Key configuration parameters you may want to modify:
* `batch_size` - batch size for training/inference
* `weight_prefix` - directory to save model checkpoints
* `log_dir` - directory to save training logs
* `iterations` - number of training iterations
* `model_path` - path to checkpoint to load (optional)
* `train` - boolean flag for training vs inference mode
* `gpus` - GPU IDs to use (leave empty '' for CPU)


For more information on storing analysis outputs and running custom analysis scripts, see the documentation on `outputs` (formatters) and `analysis` (scripts) configurations.

### Running A Configuration File

Basic usage with the `spine` command:
```bash
# Run training/inference directly
spine --config config/train_uresnet.cfg --source /path/to/data.h5

# Or run in background with logging
nohup spine --config config/train_uresnet.cfg --source /path/to/data.h5 > log_uresnet.txt 2>&1 &
```

You can load a configuration file into a Python dictionary using:
```python
import yaml
# Load configuration file
with open('config/train_uresnet.cfg', 'r') as f:
    cfg = yaml.safe_load(f)
```

### Reading a Log

A quick example of how to read a training log, and plot something
```python
import pandas as pd
import matplotlib.pyplot as plt
fname = 'path/to/log.csv'
df = pd.read_csv(fname)

# plot moving average of accuracy over 10 iterations
df.accuracy.rolling(10, min_periods=1).mean().plot()
plt.ylabel("accuracy")
plt.xlabel("iteration")
plt.title("moving average of accuracy")
plt.show()

# list all column names
print(df.columns.values)
```

### Recording network output or running analysis
Documentation for analysis tools and output formatting is available in the main documentation at https://spine.readthedocs.io/.

## Repository Structure
* `bin` contains utility scripts for data processing
* `config` has example configuration files
* `docs` contains documentation source files  
* `src/spine` contains the main package code
* `test` contains unit tests using pytest

Please consult the documentation for detailed information about each component.

## Contributing

Before you start contributing to the code, please see the [contribution guidelines](CONTRIBUTING.md).

### Adding a new model

The SPINE framework is designed to be extensible. To add a new model:

1. **Data Loading**: Parsers exist for various sparse tensor and particle outputs in `spine.io.parse`. If you need fundamentally different data formats, you may need to add new parsers or collation functions.

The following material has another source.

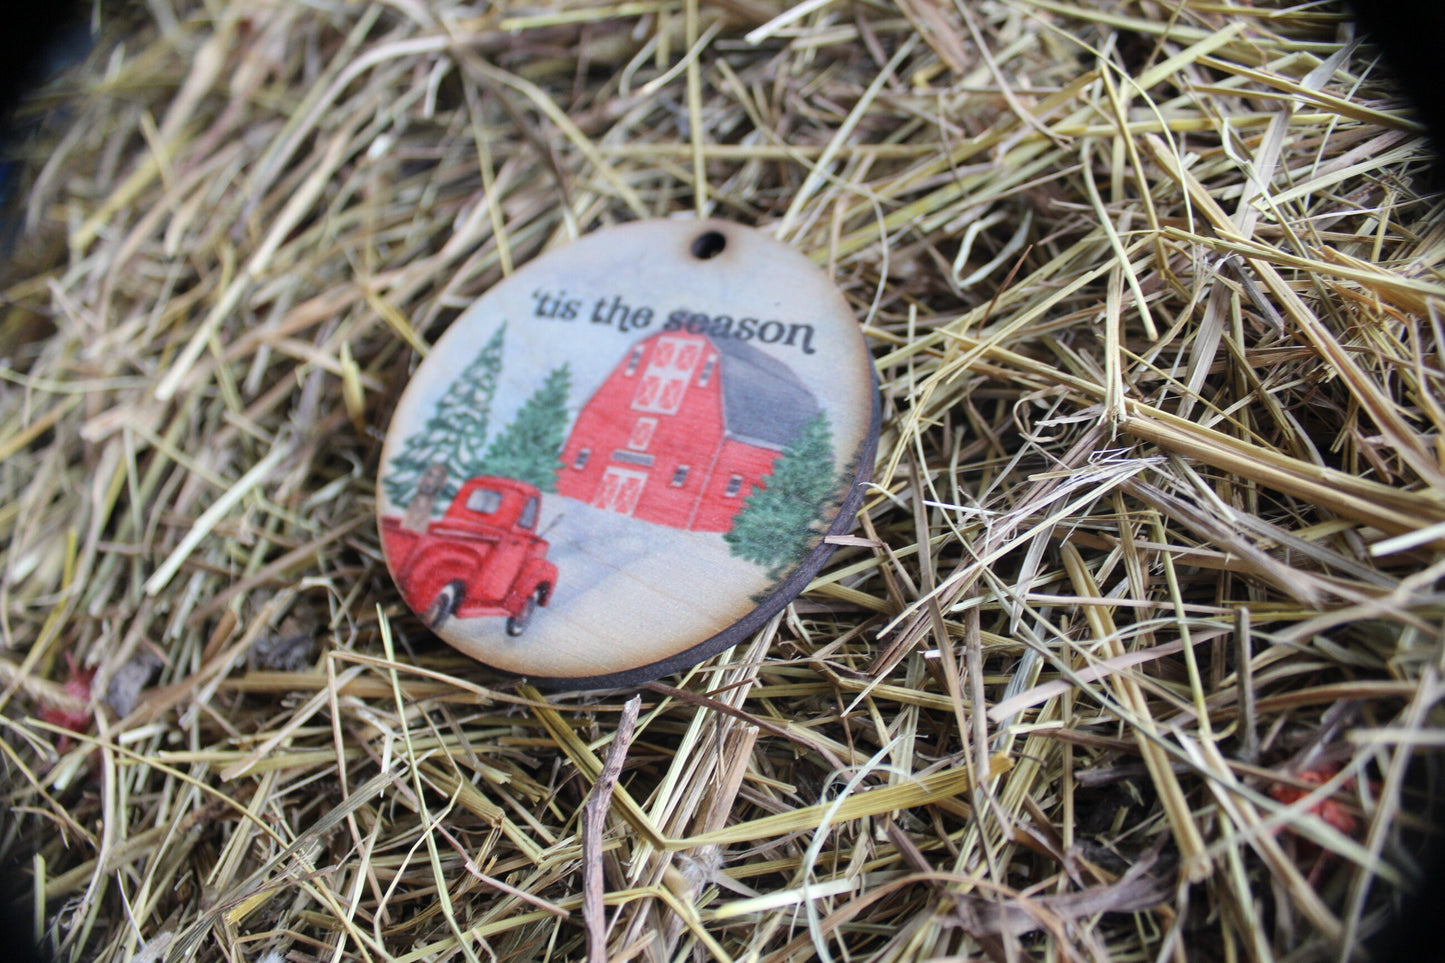 Tis The Season Little Truck Barn Red Winter Christmas Holiday Ornament KeyChain Gift Tag Woodslice Round Printed Image Winter Scene Vintage
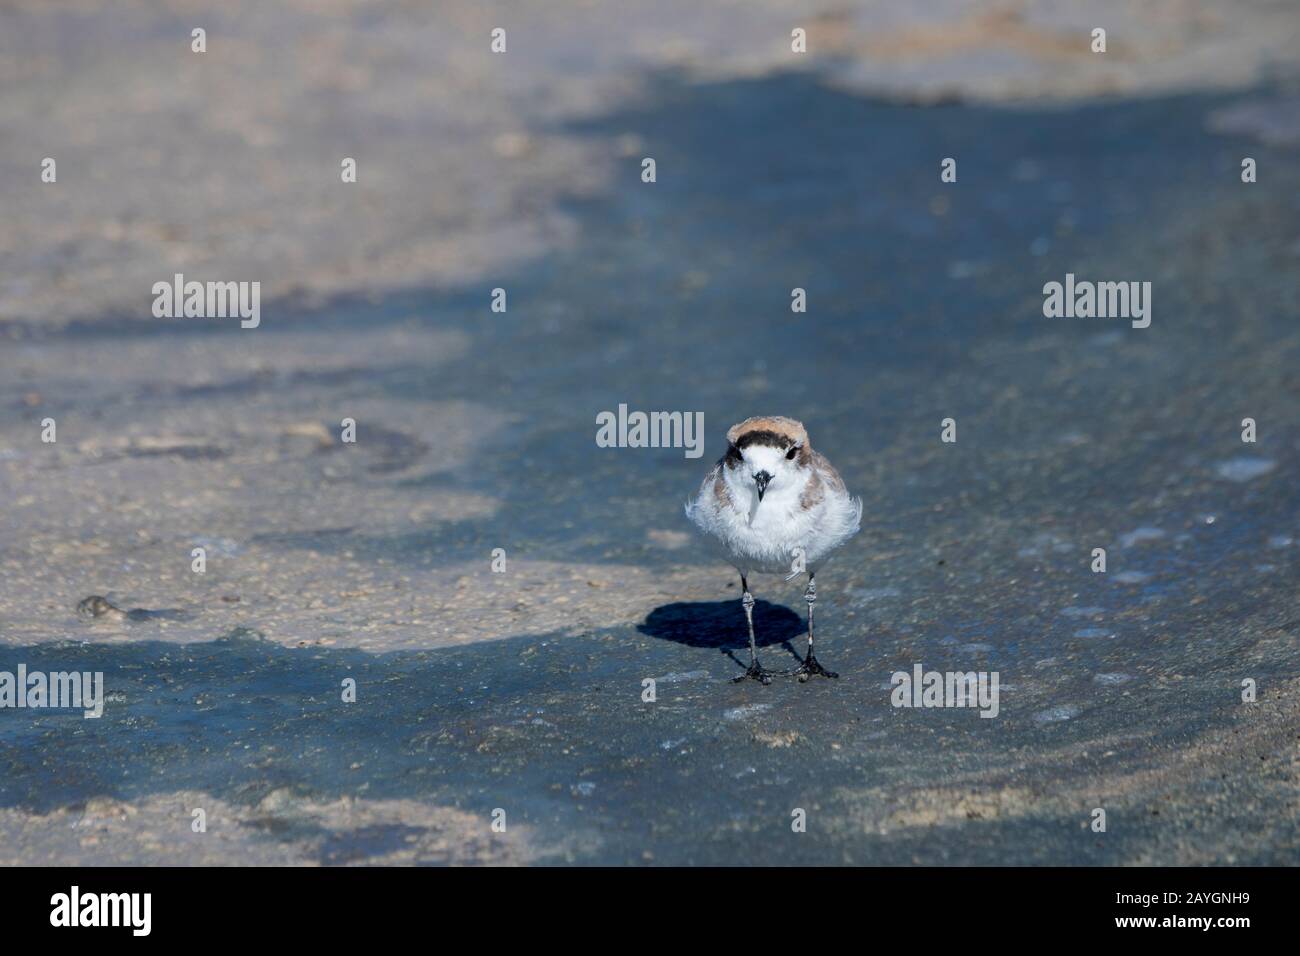 A puna plover (Charadrius alticola) is searching for food in the shallow waters of the Chaxa Lagoon, Soncor section of Los Flamencos National Reserve Stock Photo

2. **Model Implementation**: Add your model to the `spine.model` package. Include your model in the factory dictionary in `spine.model.factories` so it can be found by the configuration system.

3. **Configuration**: Create a configuration file in the `config/` folder that specifies your model architecture and training parameters.

Once these steps are complete, you should be able to train your model using the standard SPINE workflow.